Aim of the task
Every line of the listing below from the one with "Modern Photo Album" up to and including the one with "黒[衣類] Chino チノパン" should be retyped exactly, and nothing else; pictures are not part of the copy.

Data provided
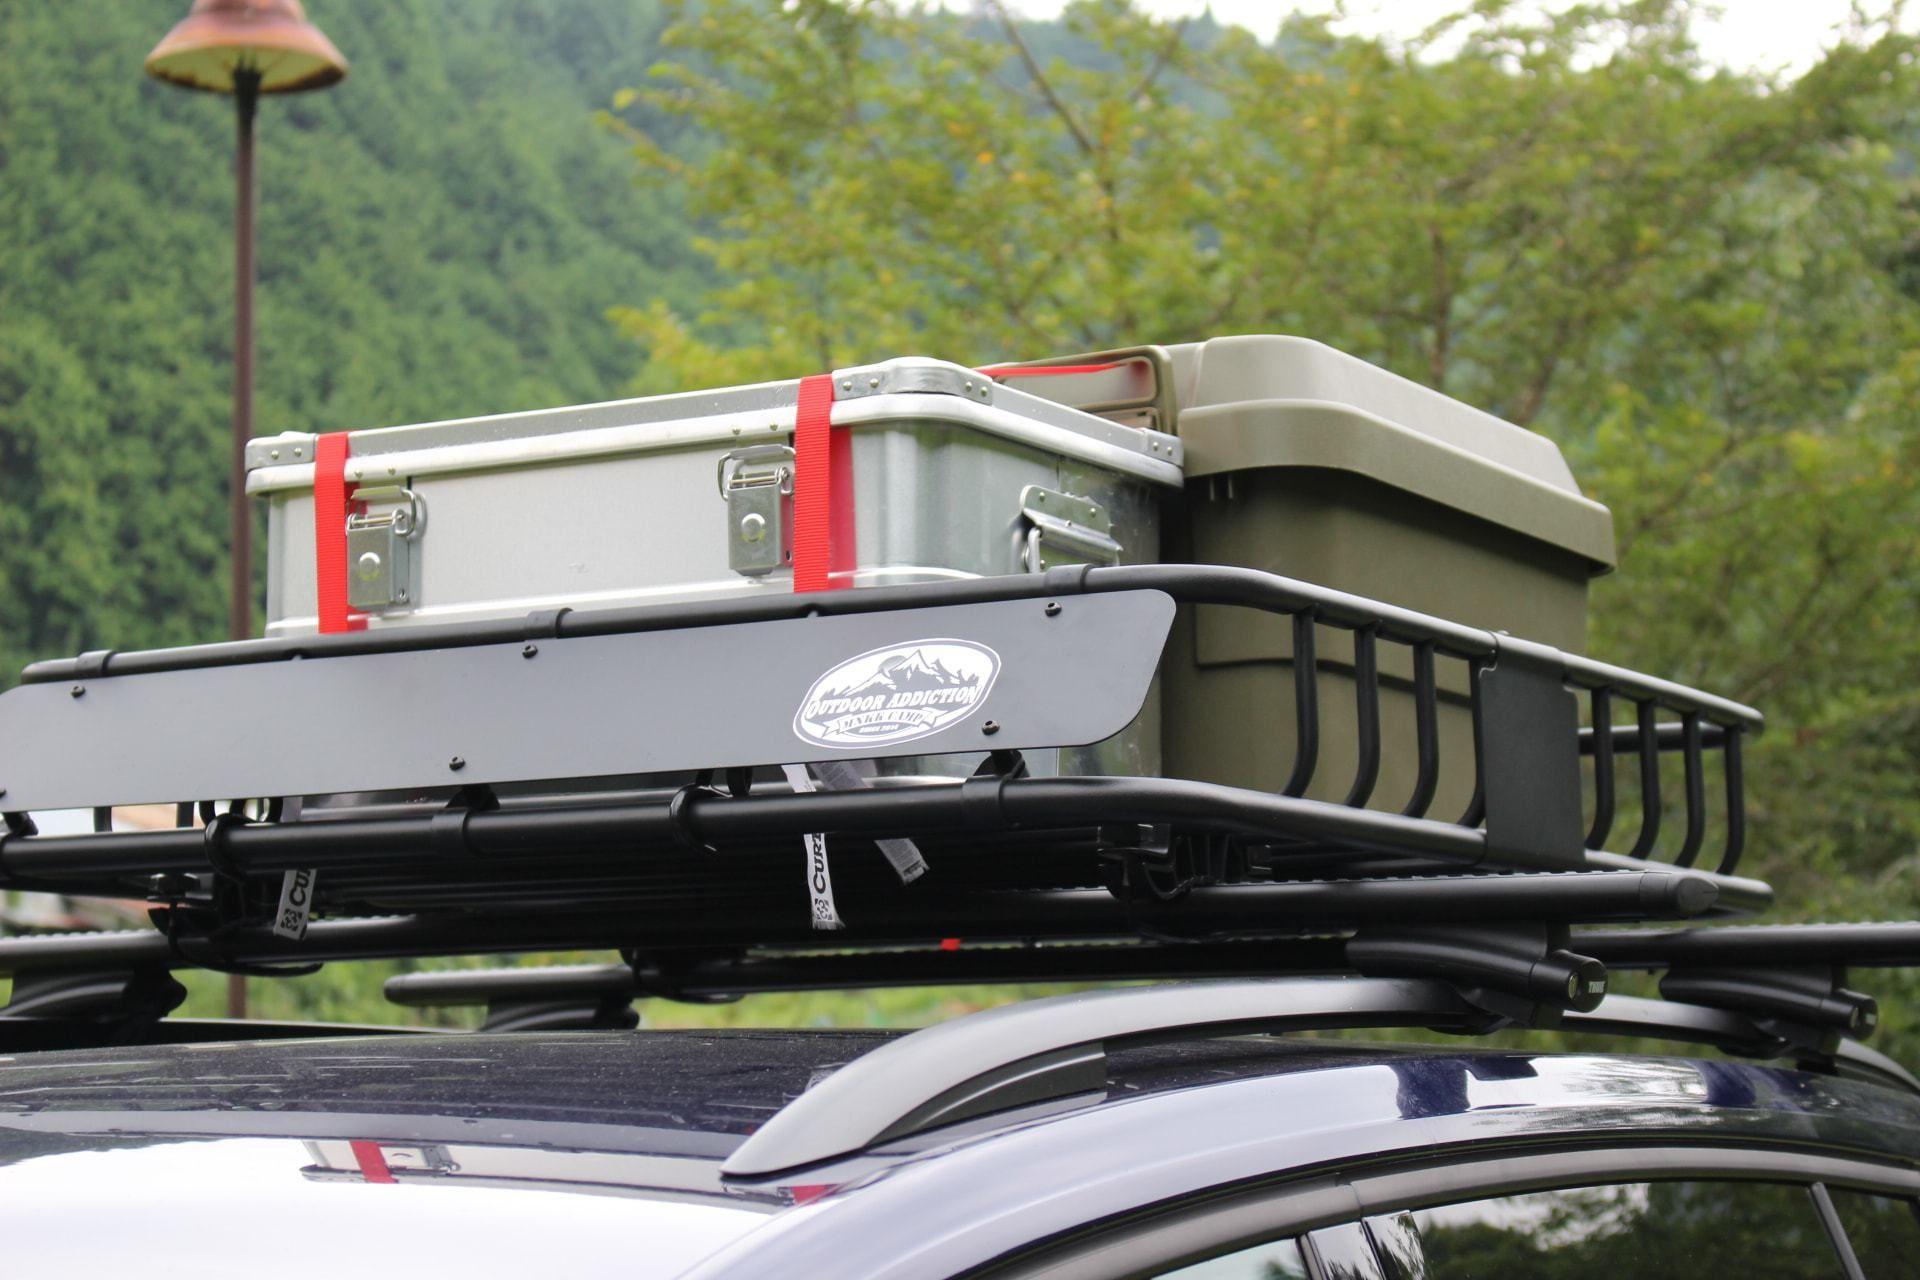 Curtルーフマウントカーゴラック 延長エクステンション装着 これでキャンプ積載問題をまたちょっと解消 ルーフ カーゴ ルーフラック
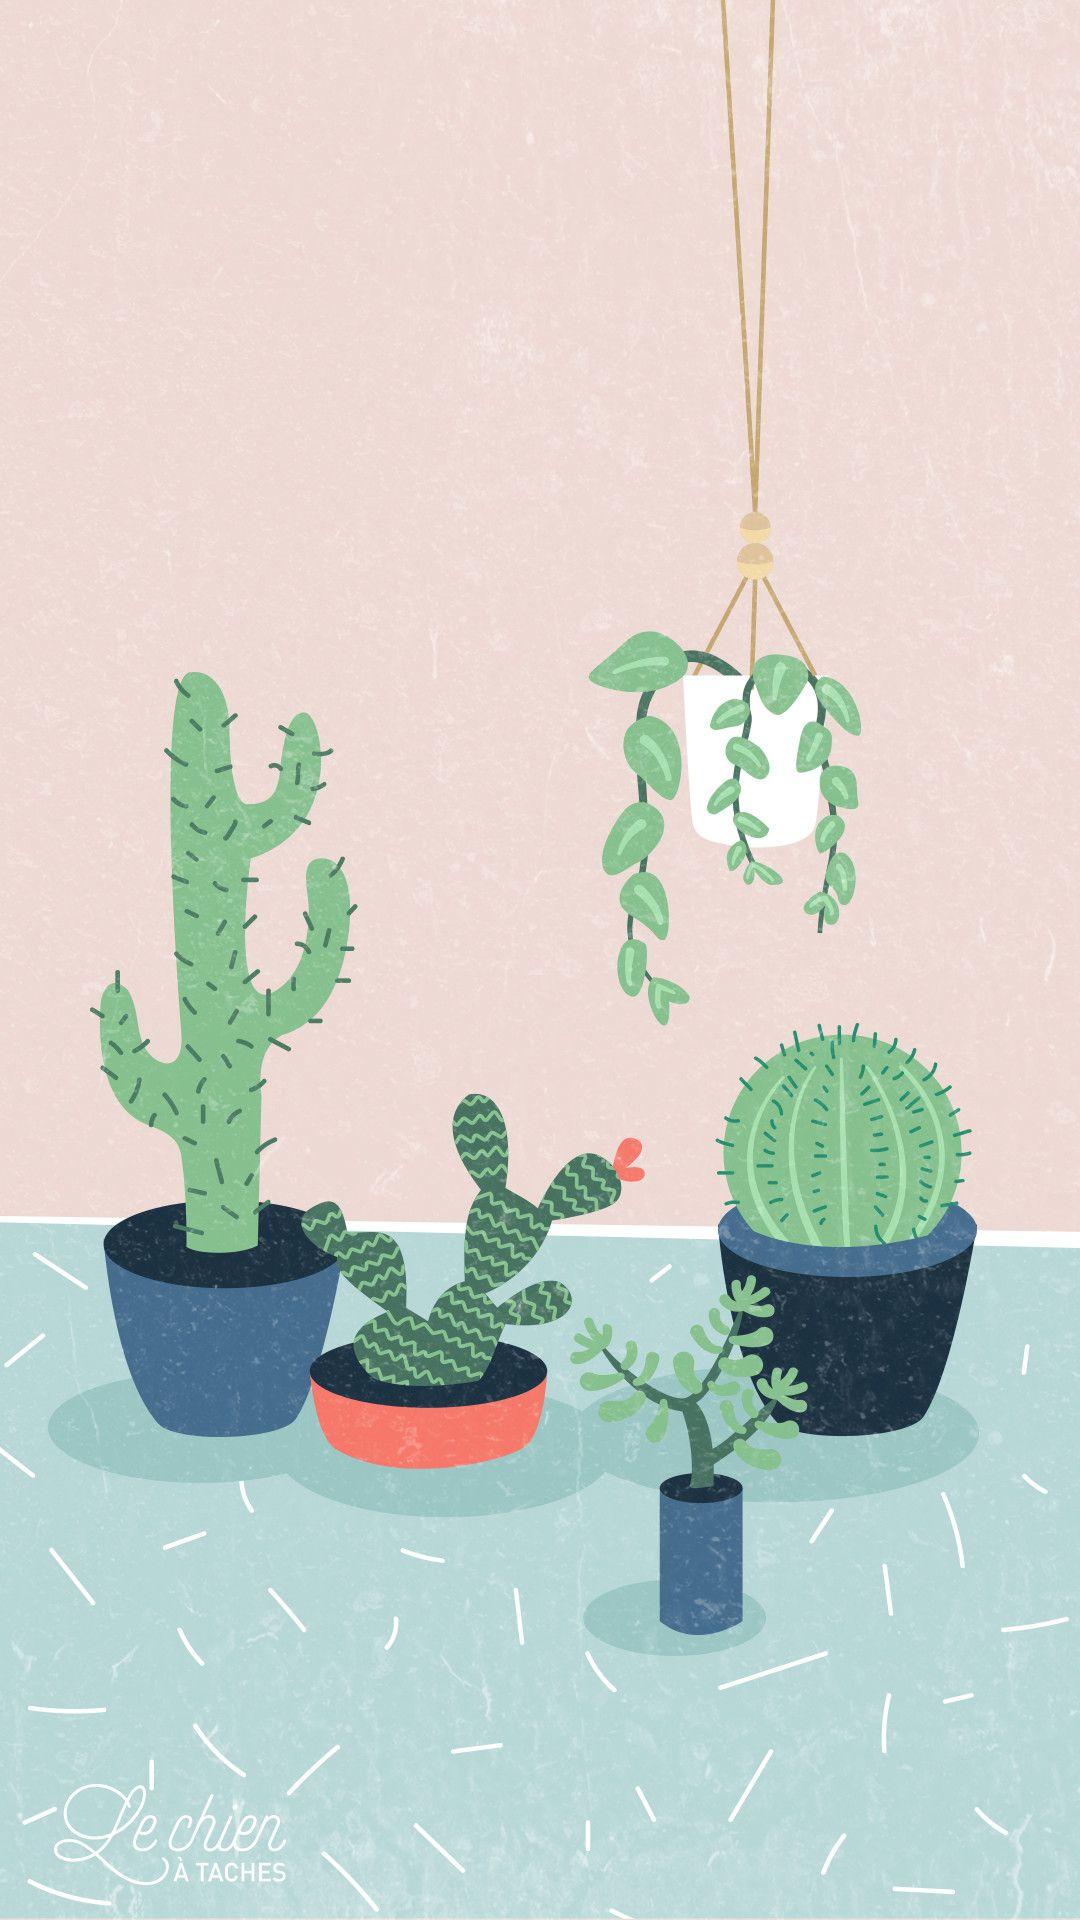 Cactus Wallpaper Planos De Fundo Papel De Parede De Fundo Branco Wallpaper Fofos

--

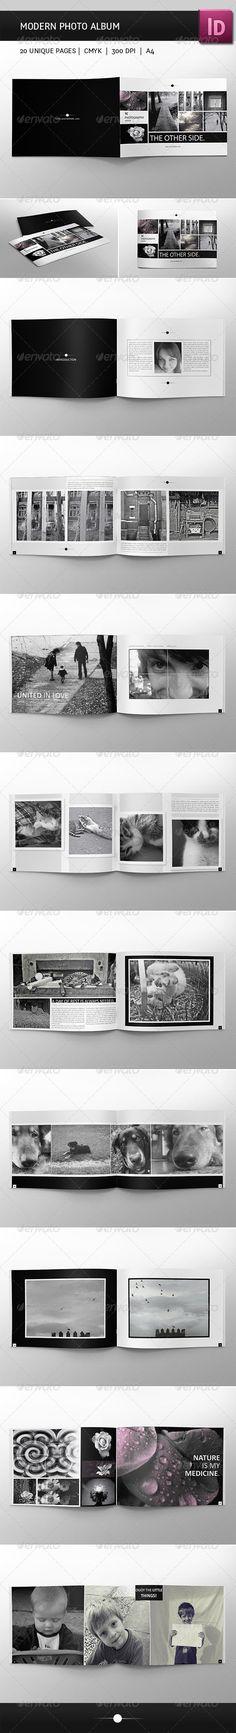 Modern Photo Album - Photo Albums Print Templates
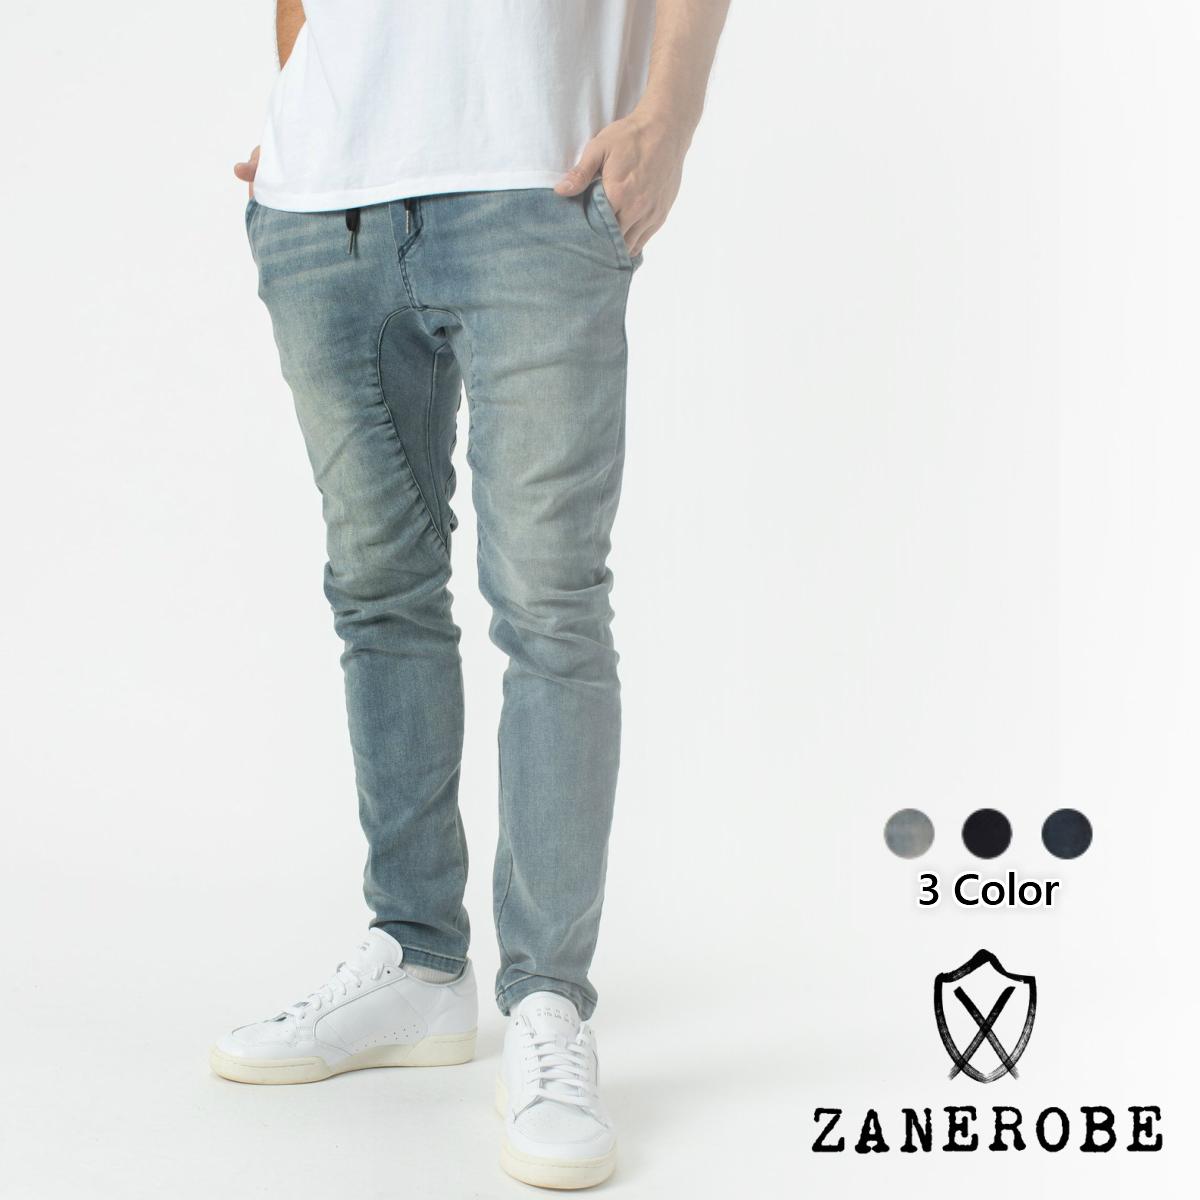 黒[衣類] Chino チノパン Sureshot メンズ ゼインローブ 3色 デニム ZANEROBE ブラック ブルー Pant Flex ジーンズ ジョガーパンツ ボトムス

==

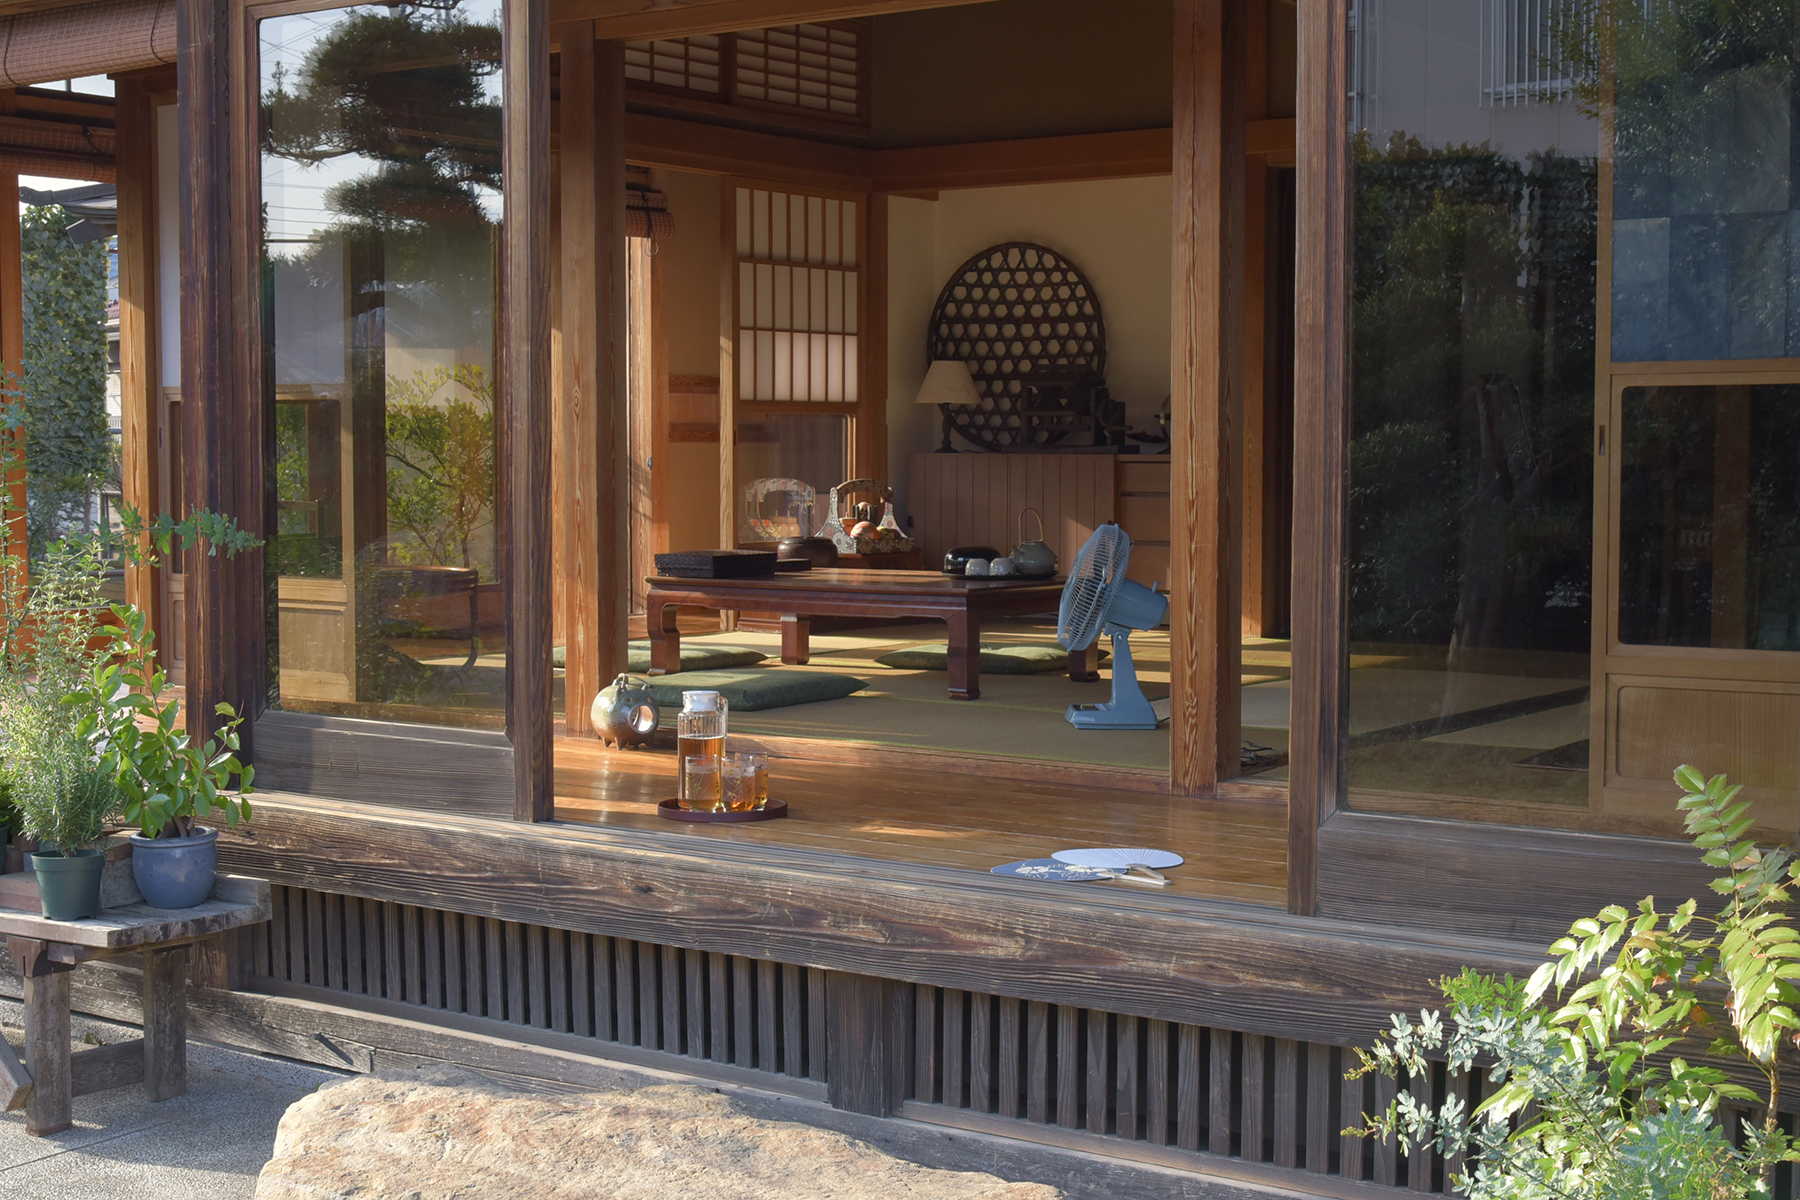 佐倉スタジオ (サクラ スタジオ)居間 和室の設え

Answer to the exercise
 Modern Photo Album - Photo Albums Print Templates
 黒[衣類] Chino チノパン Sureshot メンズ ゼインローブ 3色 デニム ZANEROBE ブラック ブルー Pant Flex ジーンズ ジョガーパンツ ボトムス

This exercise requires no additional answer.